Ancientpages, BrokenRedirects, Deadendpages, DoubleRedirects, ListDuplicatedFiles, Listredirects, Lonelypages, Longpages, MediaStatistics, Mostcategories, Mostimages, Mostinterwikis, Mostlinkedcategories, Mostlinkedtemplates, Mostlinked, Mostrevisions, Fewestrevisions, Shortpages, Uncategorizedcategories, Uncategorizedpages, Uncategorizedimages, Uncategorizedtemplates, Unusedcategories, Unusedimages, Wantedcategories, Wantedfiles, Wantedpages, Wantedtemplates, Unwatchedpages, Unusedtemplates, Withoutinterwiki, DisambiguationPages, DisambiguationPageLinks, UnconnectedPages, Badges

In particular Wantedpages is restricted. The biggest risk is probably if somebody adds a restricted query page at a later date.

These are internal names. The actual special page name might be different.

If an extension adds stuff to $wgAPIUselessQueryPages, it will be excluded from this list, however things that use querycache table, is not supposed to be added to that variable. I don't think any extensions add stuff to that variable, so I don't think its relavent, but mentioning for completeness.

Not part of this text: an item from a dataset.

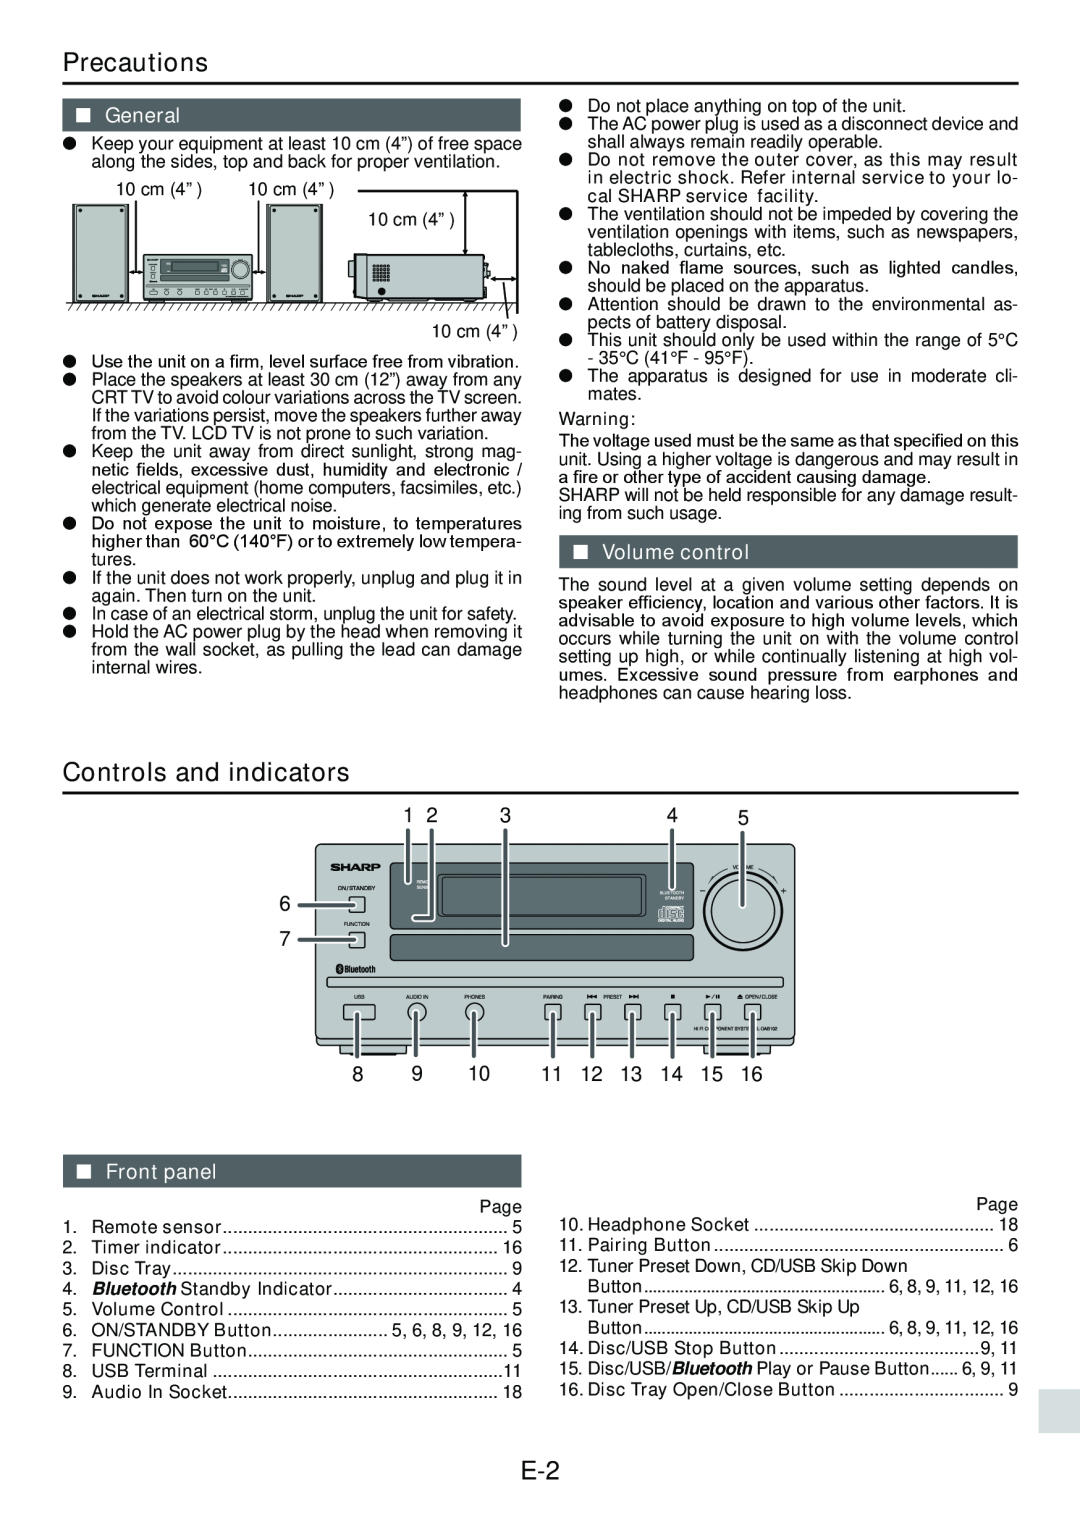 Sharp XL-DAB102DH operation manual Precautions, Controls and indicators, General, Volume control, Front panel, 11 12 13 14

hmm. Special:MostGloballyLinkedFilesPage doesn't seem to be listed there on commons, but I think that's due to https://gerrit.wikimedia.org/r/242790

Krinkle renamed this task from querycache and querycachetwo tables aren't available on labs sql dbs to Make querycache, querycachetwo and querycache_info tables visible on labs dbs.Oct 28 2015, 7:26 AM
Krinkle updated the task description. (Show Details)
Framawiki edited projects, added Data-Services; removed Cloud-Services.
Framawiki edited projects, added Cloud-Services; removed Data-Services.
Framawiki edited projects, added Data-Services; removed Cloud-Services.

This task has been assigned to the same task owner for more than two years. Resetting task assignee due to inactivity, to decrease task cookie-licking and to get a slightly more realistic overview of plans. Please feel free to assign this task to yourself again if you still realistically work or plan to work on this task - it would be welcome!

For tips how to manage individual work in Phabricator (noisy notifications, lists of task, etc.), see https://phabricator.wikimedia.org/T228575#6237124 for available options.
(For the records, two emails were sent to assignee addresses before resetting assignees. See T228575 for more info and for potential feedback. Thanks!)